§ **Collected material**

[Start of section]

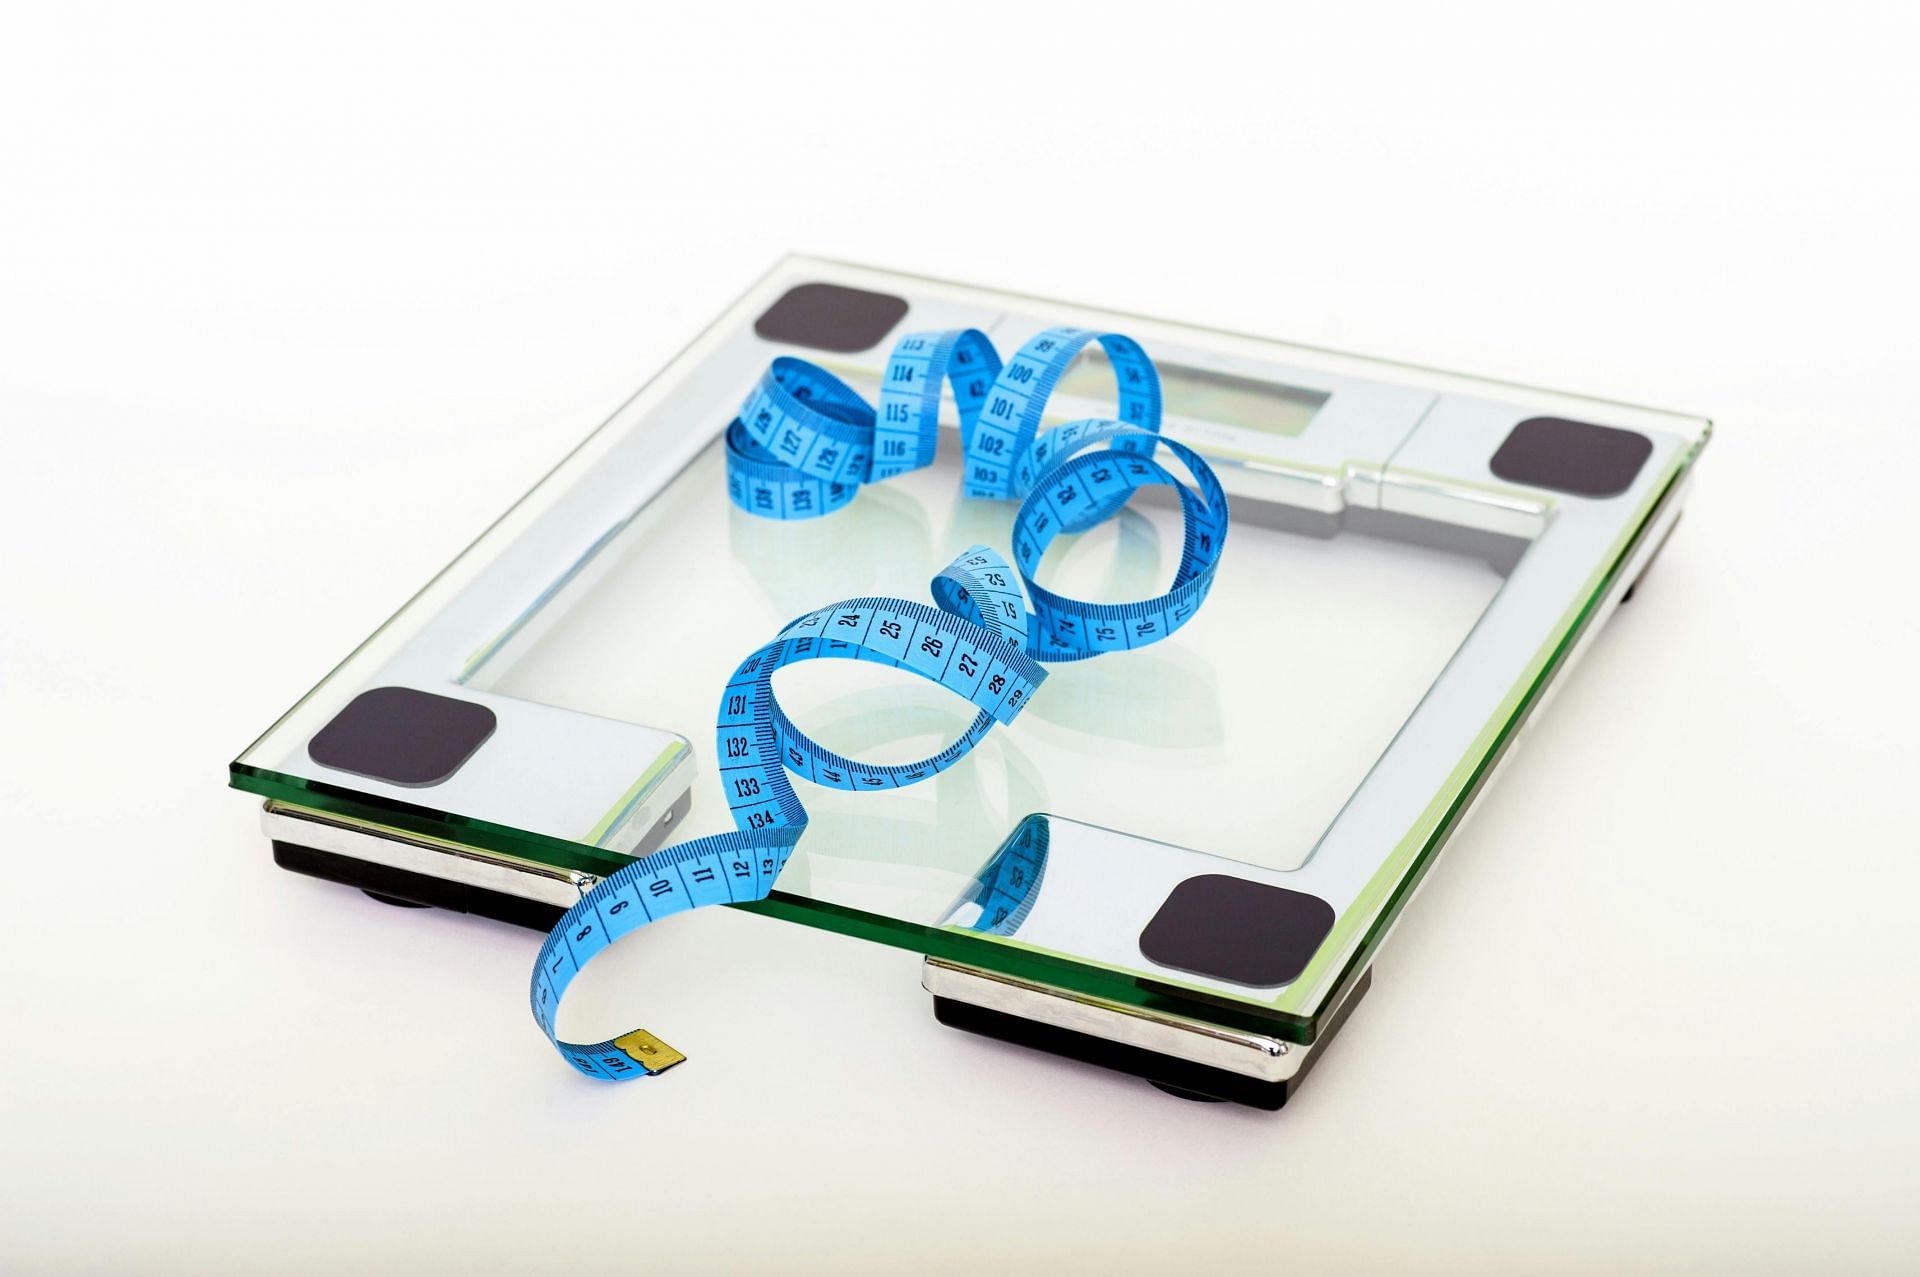 Reasons behind gaining weight fast (image sourced via Pexels / Photo by pixabay)
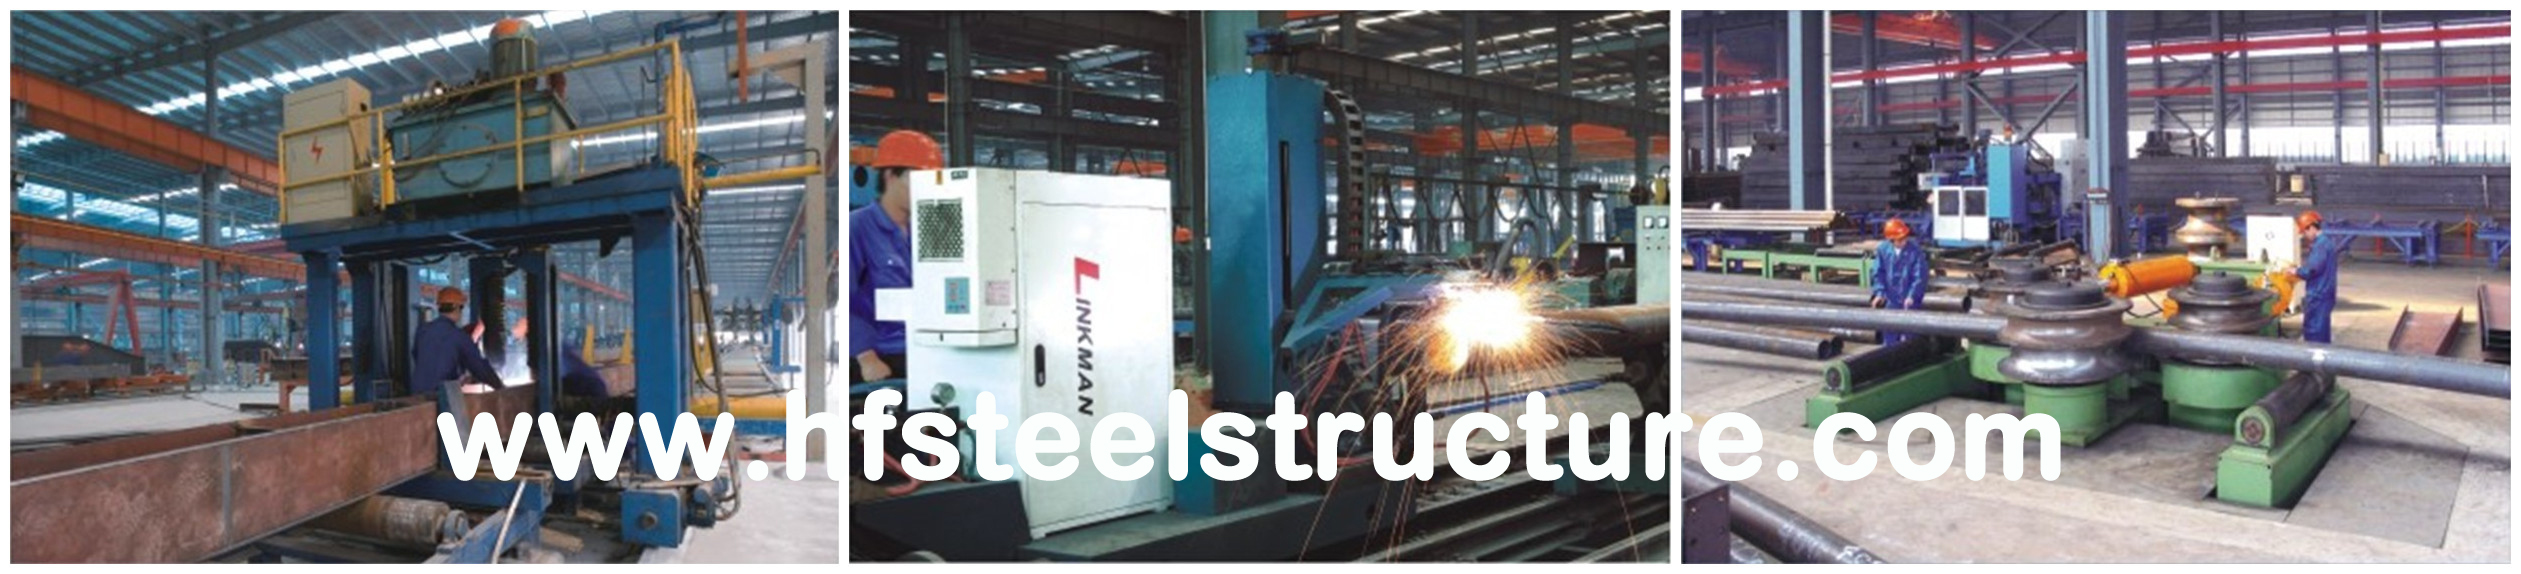 OEM Sawing, Grinding Industrial Steel Buildings For Textile Factories And Process Plants
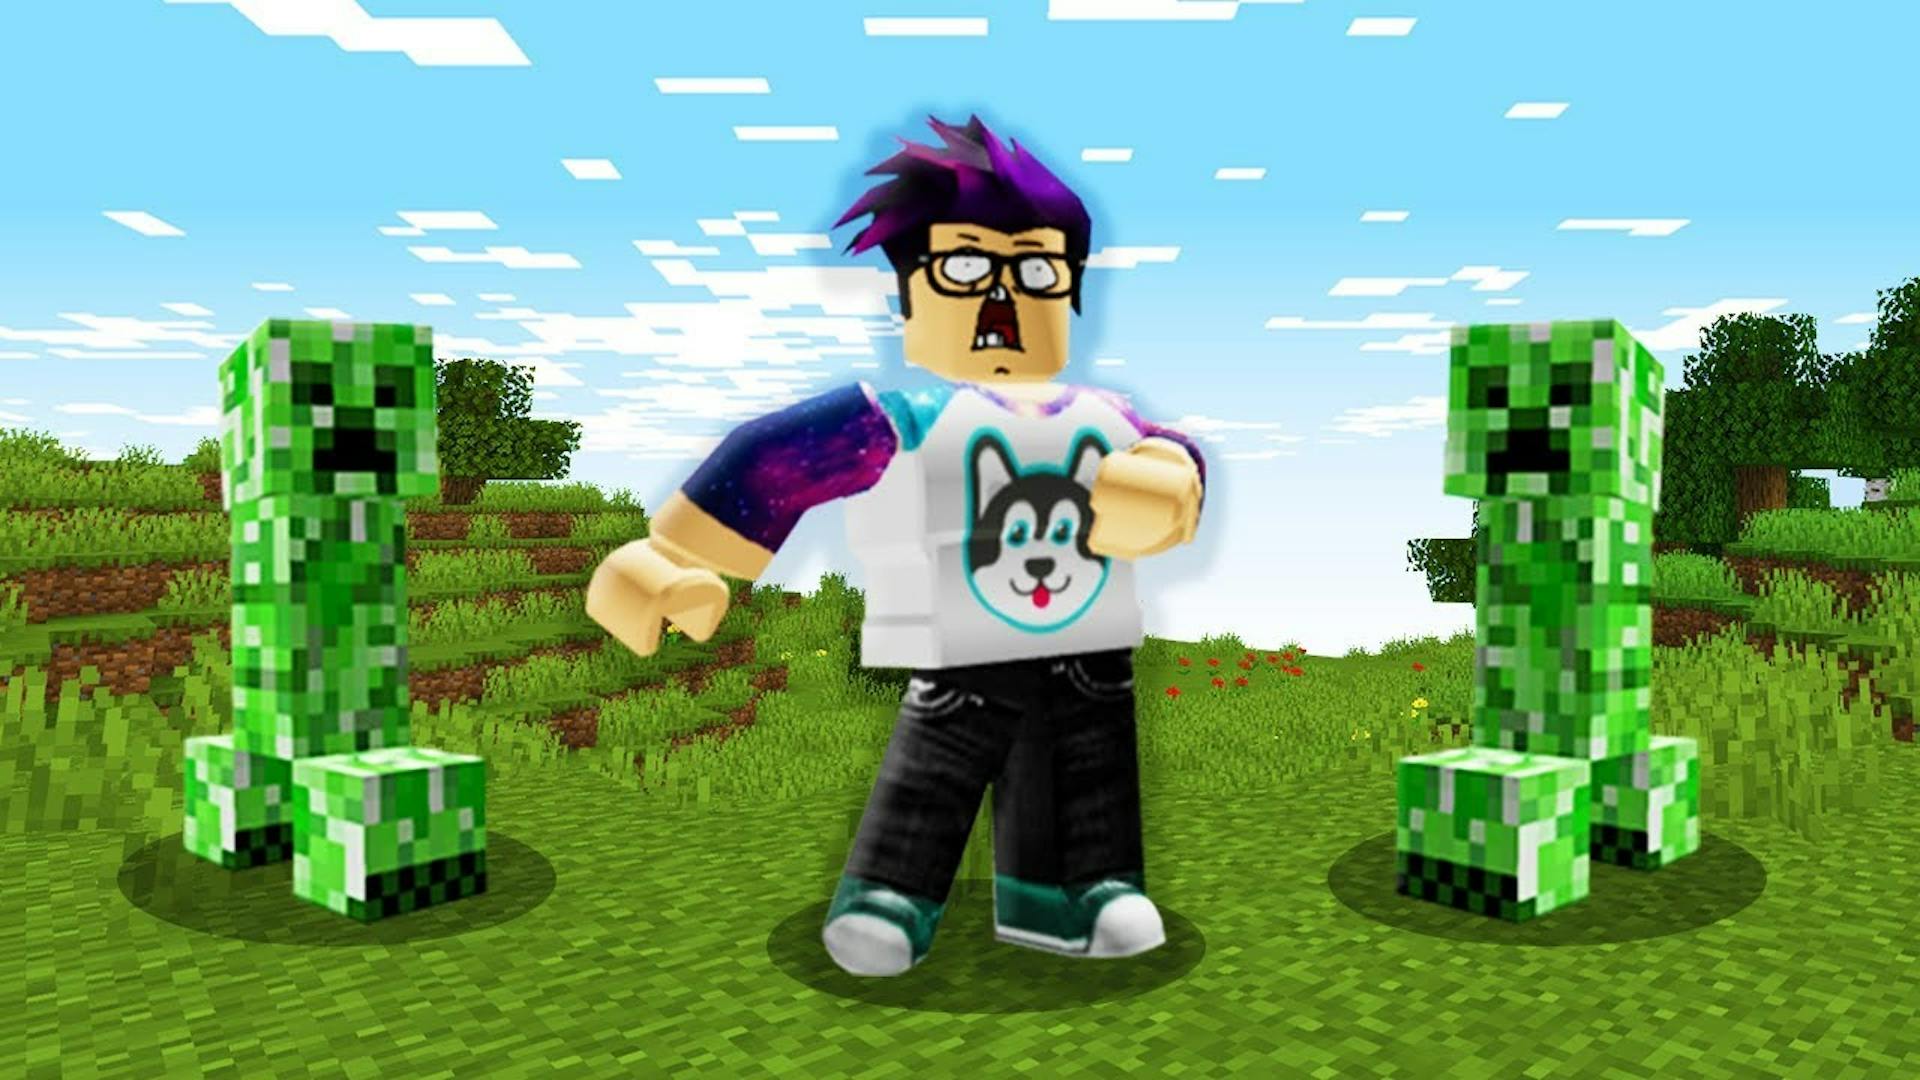 Home Let S Play Minecraft By Level One - gasp xo roblox

[End of section]

The copy must start at the line containing "OEM Sawing, Grinding" and end at the last line of the data, matching each line exactly. It must hold no pictures.

 OEM Sawing, Grinding Industrial Steel Buildings For Textile Factories And Process Plants
 Home Let S Play Minecraft By Level One - gasp xo roblox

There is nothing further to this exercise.